Tuesday, October 13, 2015

Sweat Shops or No Shops


The issue is sweatshops as a whole. The things with sweatshops you have to have a high school diploma to get a job, but a lot of people don’t have high school diplomas so settle for sweatshops. Sweatshops take up full advantages of labor, low income, and physical injuries. The things the United States should do to solve this issue is have more jobs opportunities for those who don’t have a high school diploma, increase their income, decrease the physical injuries.According to Carl Shelton a 48 year old woman , has experienced working inside sweatshops as a labor, who has had the bad end of the stick by experiencing low income having extreme physical issues and treated more like a slave than a human.Come home exhausted, her hands swollen from pushing stiff fabric past a moving needle.
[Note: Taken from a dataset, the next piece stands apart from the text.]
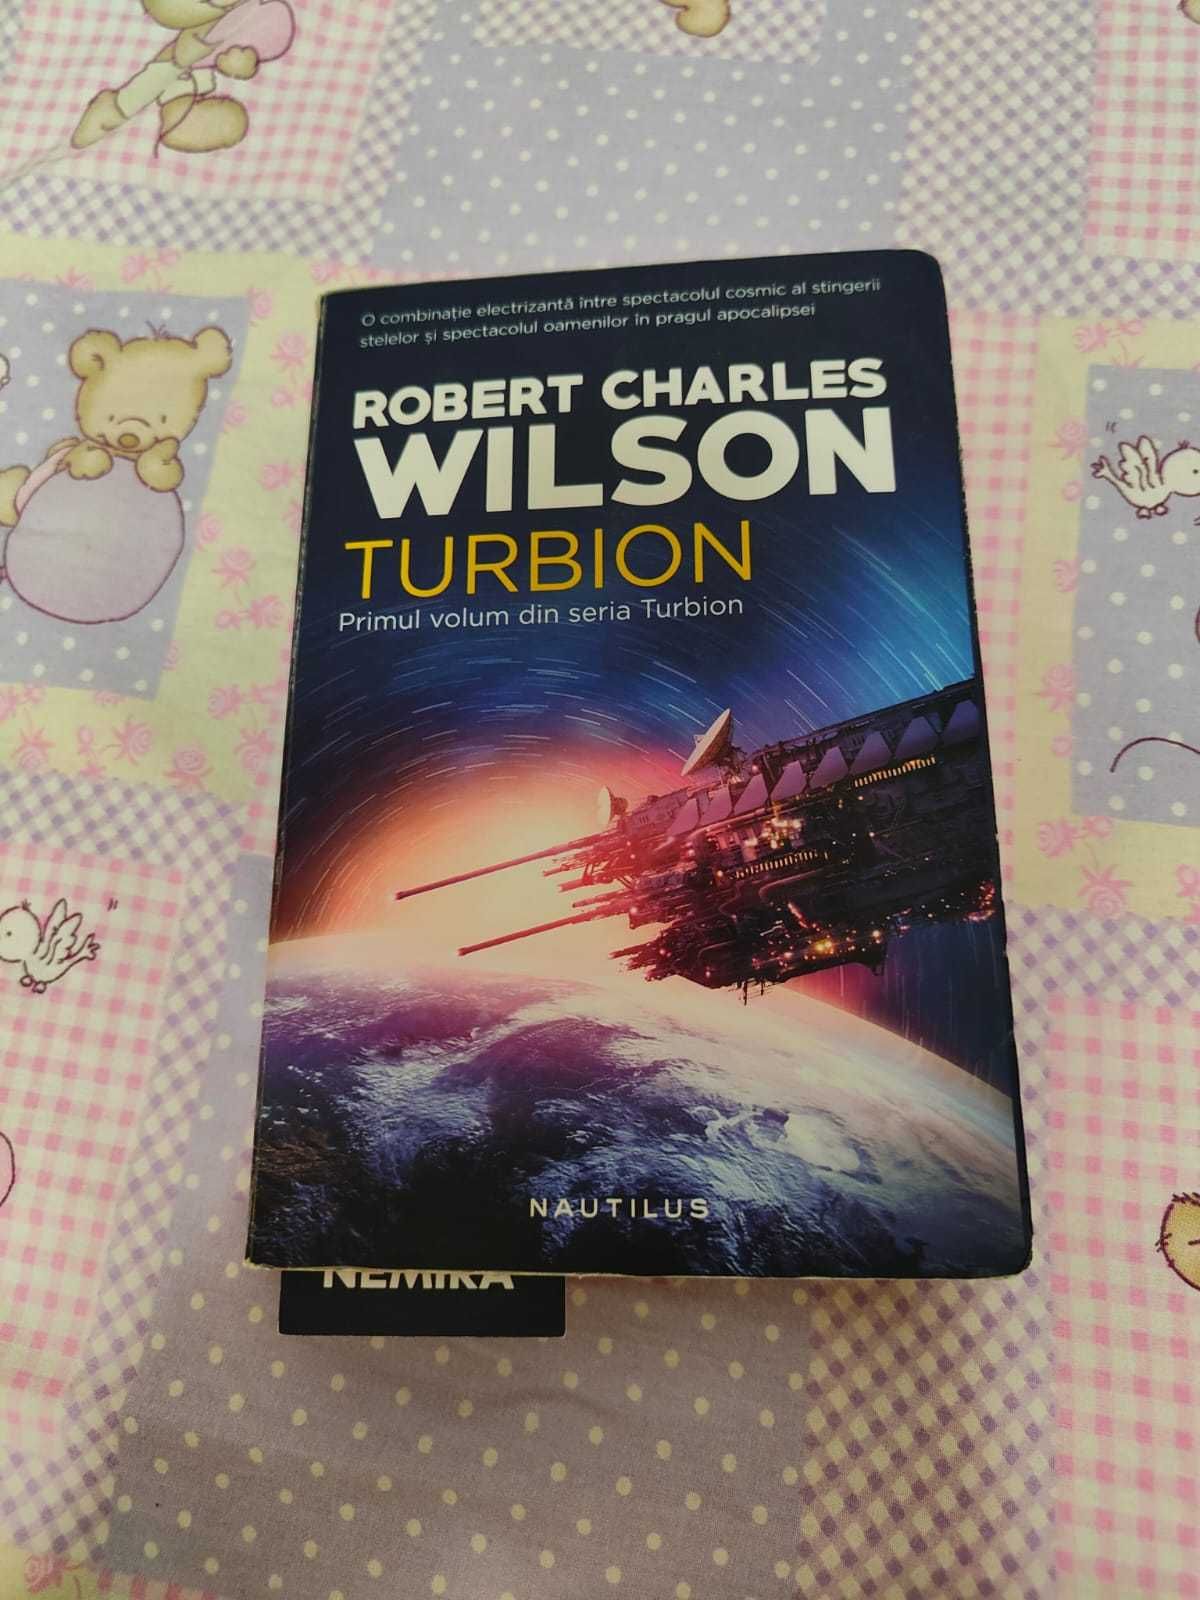 Trilogia Turbion, de Robert Charles Wilson
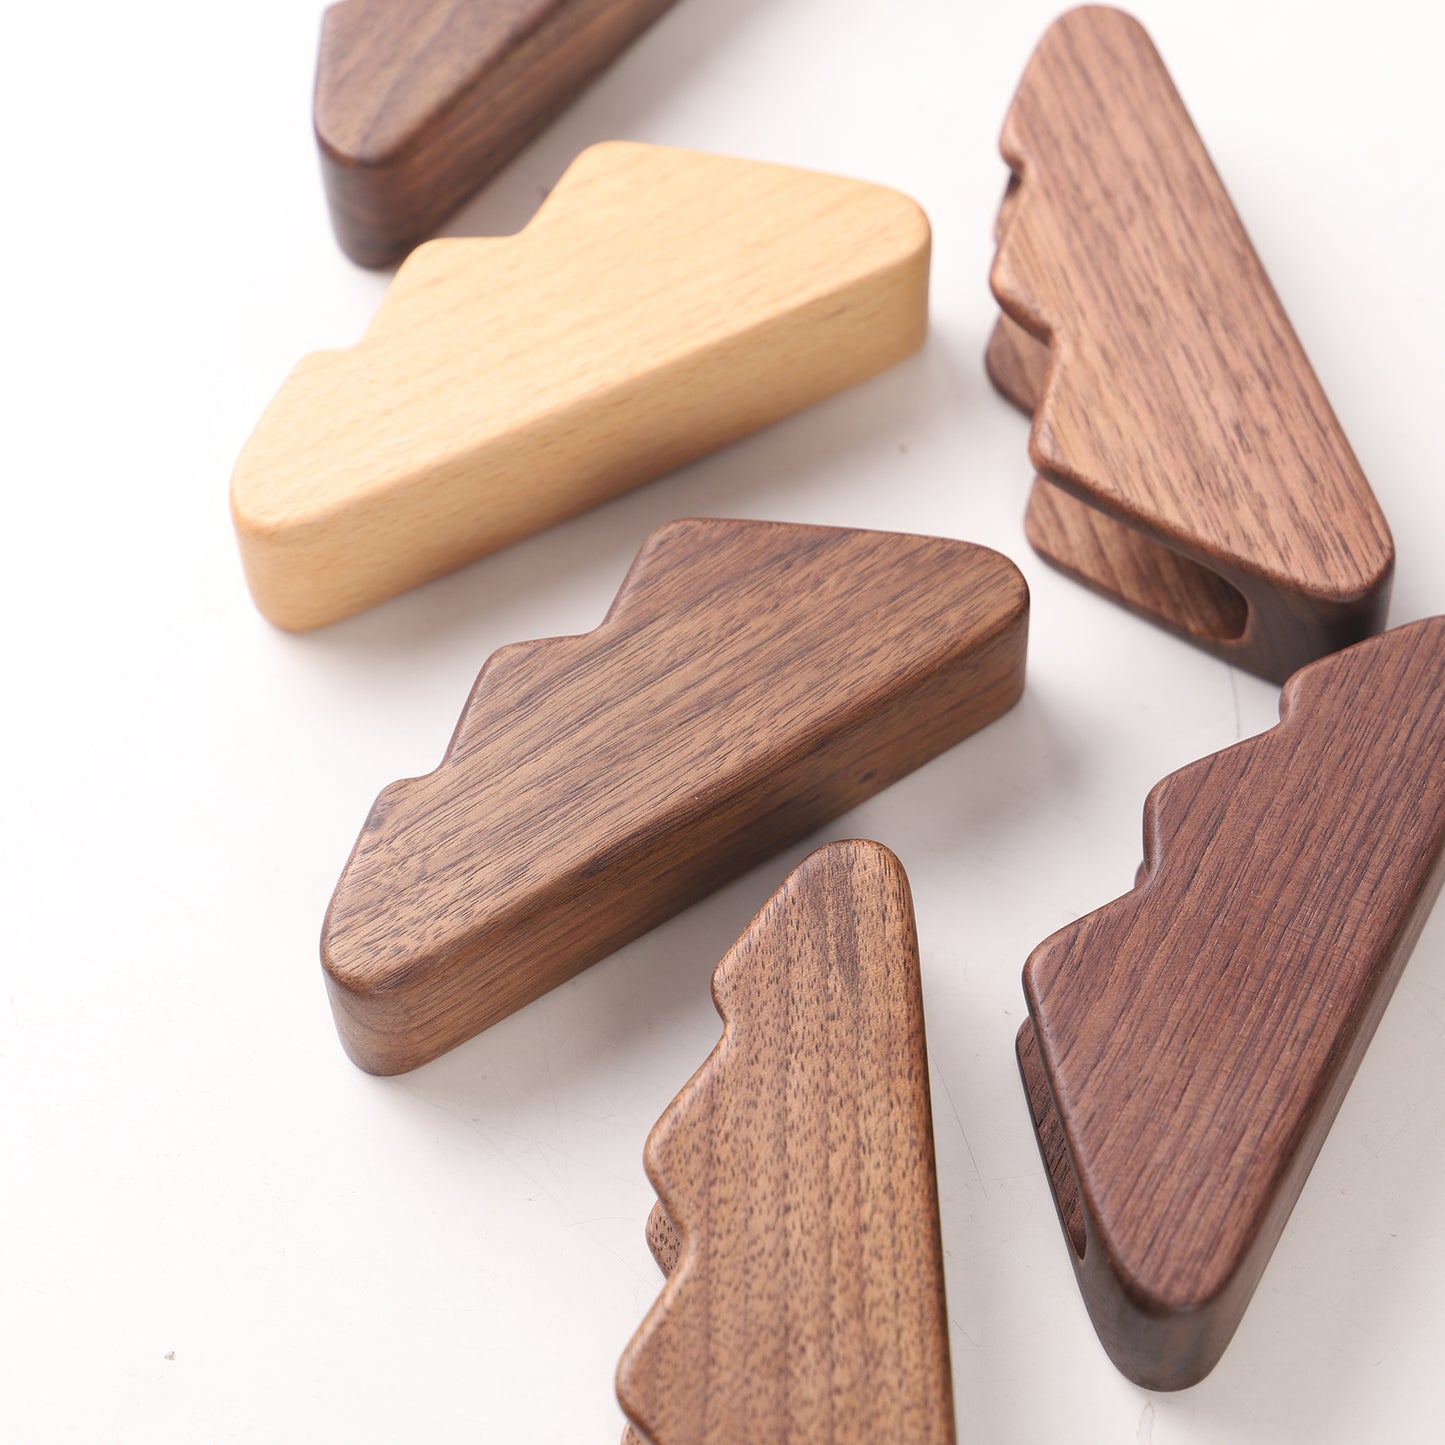 muso wood | Business Card Holder for Desk

She had to work fast to meet quotas kept by a timekeeper, and if she slowed down or had to redo a seam, her hourly income dropped to the base rate, which usually hovered around minimum wage. Besides the low pay, the job gave her back pain from hunching over old sewing machines held together with spare parts and electrical tape(Boal).These are real life stories that people have/experience on a day to day basis. Someone has finally decided to speak up. The way people have been treated is very unfair and unacceptable. When does slavery stop in many cases. By paying lowkey income and treating these people like they are absolutly nothing is slavery it’s just not picking cotton in fields all day long and getting beating. According to Viederman , sweatshops are not bad they just have poor pay and poor quality work. Poorly treated workers typically make poor-quality goods, but U.S. companies that aren’t careful about sweatshops could face the costly job of reputation repair if a watchdog group links their brands to workplace abuses. Furthermore, desirable employees want to work for companies whose values they share, just as consumers want to buy from companies that put values into practice (Viederman). This describes how sweatshops can be good and how they have a positive but an negative affect at the same time.